Data retention. Fable shipped with mandatory retention requirements that complicated its rollout with partners like Microsoft. In a regulated context, "where does the prompt go, and for how long" can disqualify a model no matter how good it is.
Provenance. Plenty of products shipped built on Fable during its short window. When the model vanished, so did the thing standing on top of it.

None of these are outages. None of them get fixed by reliability engineering. They are governance failures wearing an availability costume, which is exactly why they slip past teams who are good at availability.

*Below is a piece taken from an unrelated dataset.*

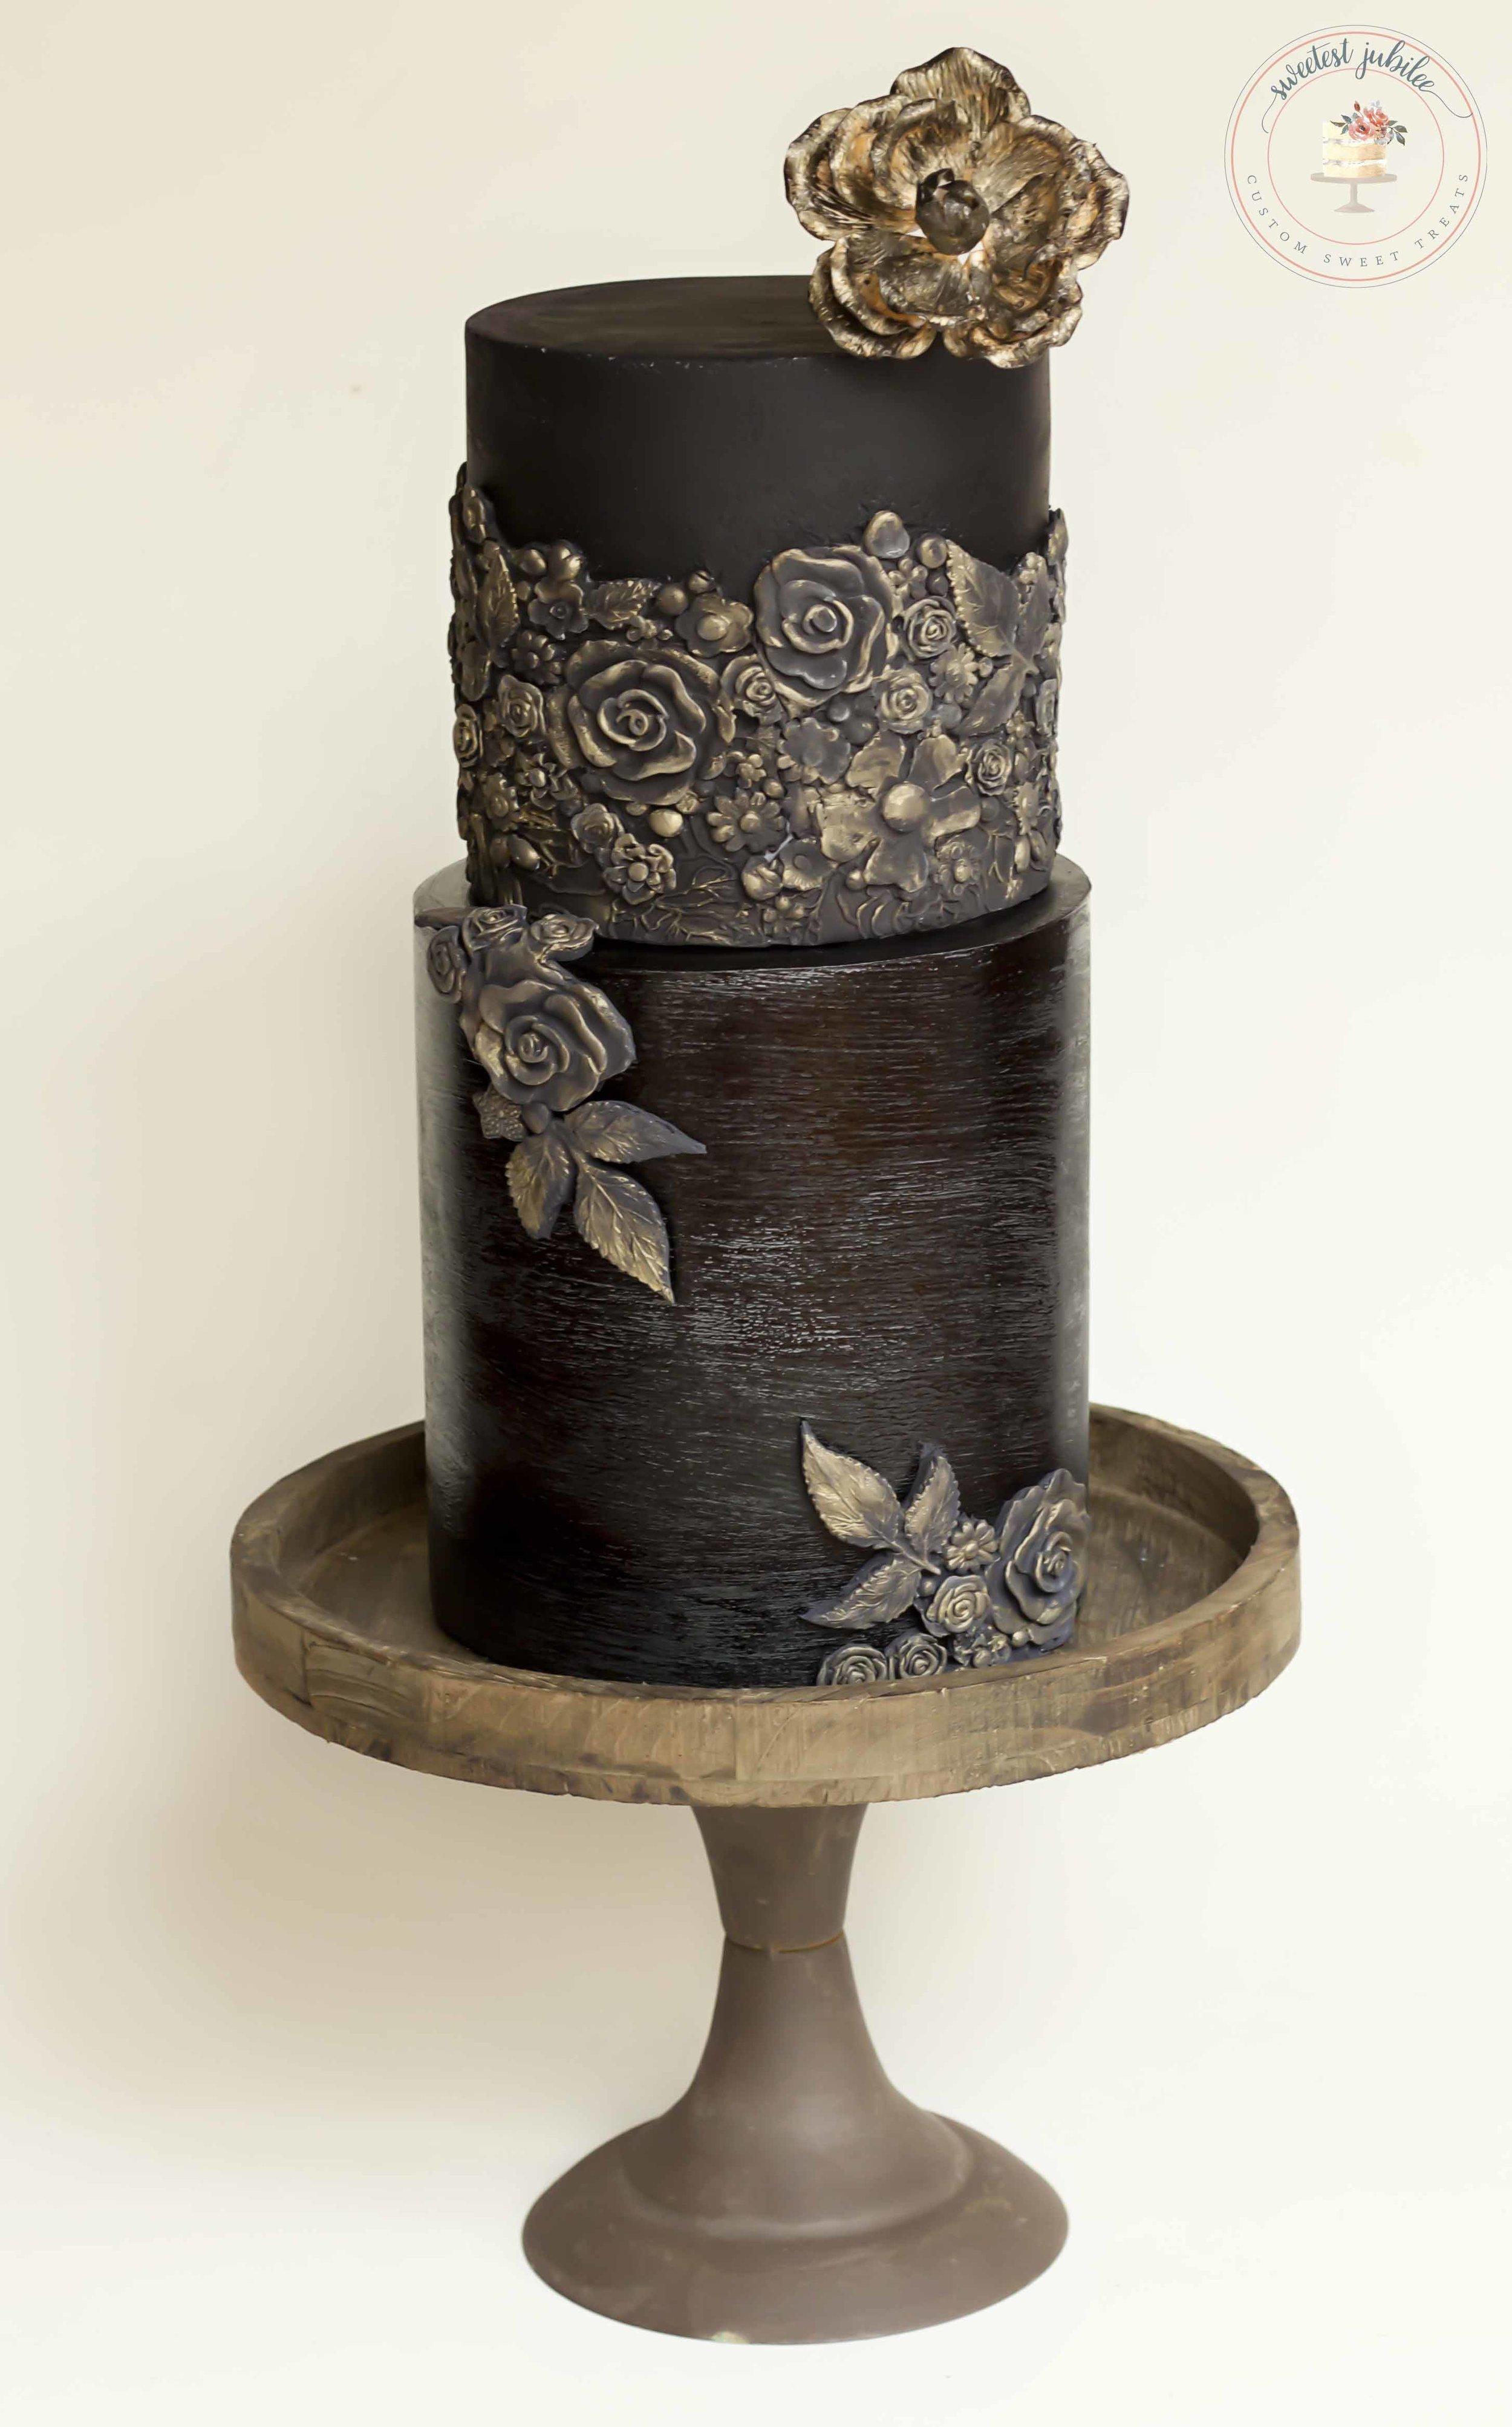 Bas relief cake.jpg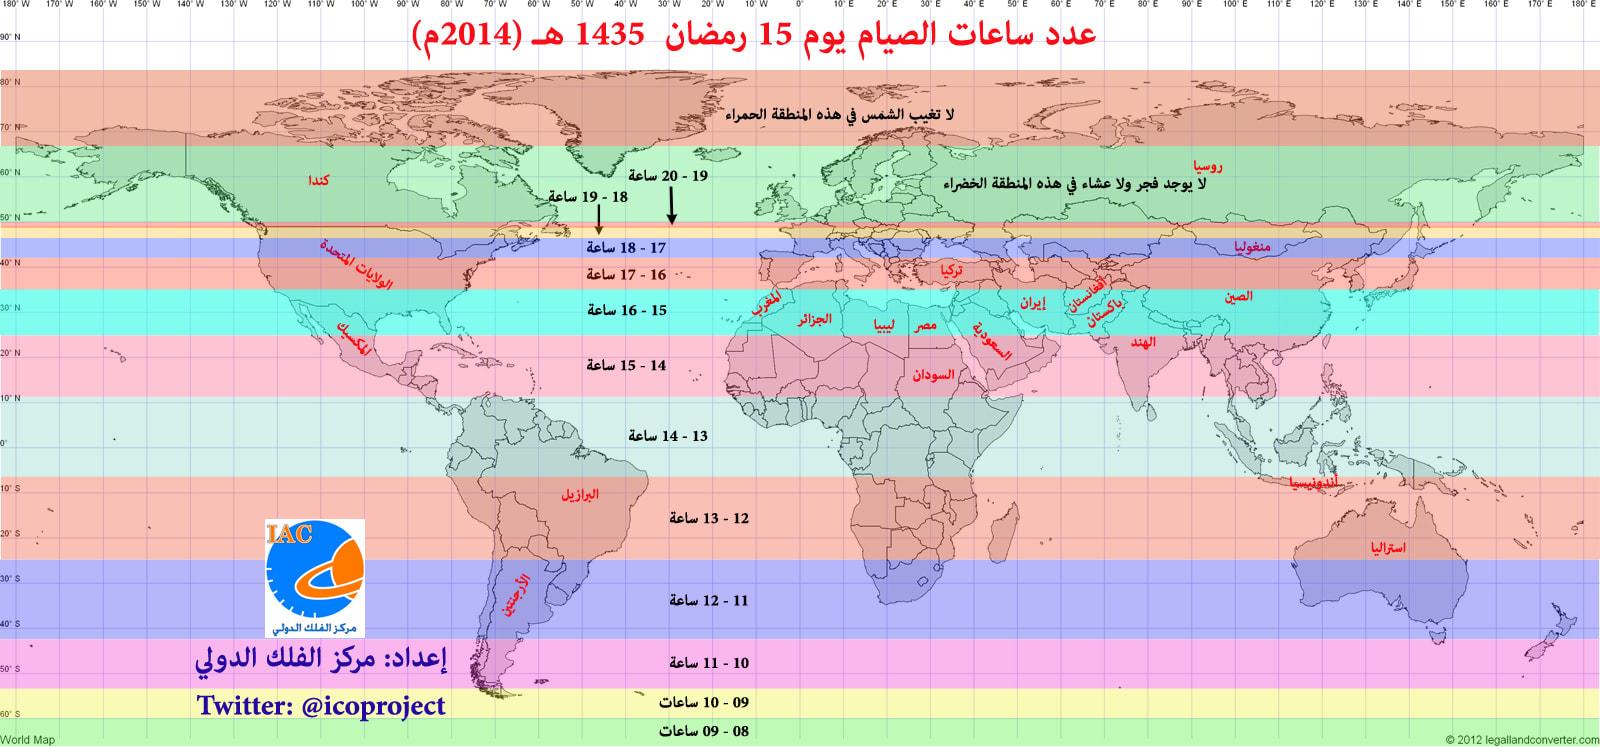 خريطة ساعات الصوم 14 باليمن وجنوب السعودية 15 بالخليج و 16 في بلاد الشام

What I'm taking back to the next game day

Treat your top model like a dependency that can be disabled, not just slowed:

Abstract the model, not just the call. If your code knows that Fable runs always-on adaptive thinking and has its own Messages API shape, you've welded yourself to one model's quirks. Route through an internal canonical interface so swapping the model underneath is a config change, not a rewrite. Same lesson as not hardcoding a single AZ, one layer up the stack.
Keep a real fallback chain, not a fantasy one. Fable to Opus 4.8 to Sonnet 4.6, each tier tested under load before you need it, not the morning you need it. Anthropic's own guidance when the music stopped was to fall back to Opus. The teams that had that wired ate a quality dip. The teams that hardcoded Fable ate an incident. I have watched the difference between a tested failover and an aspirational one play out at 2 a.m., and it is not subtle.
Build to a capability floor, not a ceiling. Design the workflow so your worst acceptable model still clears the bar, and treat anything above that as upside you're allowed to lose. If the system only works with the best model on earth, you don't have a system. You have a bet on one vendor's one SKU staying legal.
Put "model unavailable for non-technical reasons" in the continuity plan. Not the DR plan for the data center. The plan for the day the model is perfectly healthy and you still can't touch it. That is a tabletop exercise I'm finally going to run.

The cloud taught us that machines fail, so we engineered for machines failing. We got good at it. Fable 5 taught us that permission can fail, instantly, globally, with no ETA and no replica to fail over to. That is the variable to design around now.

Opus 4.8 is excellent and it's still here. Build on the model that's still here, and assume the one you love most can be taken away by someone you've never met.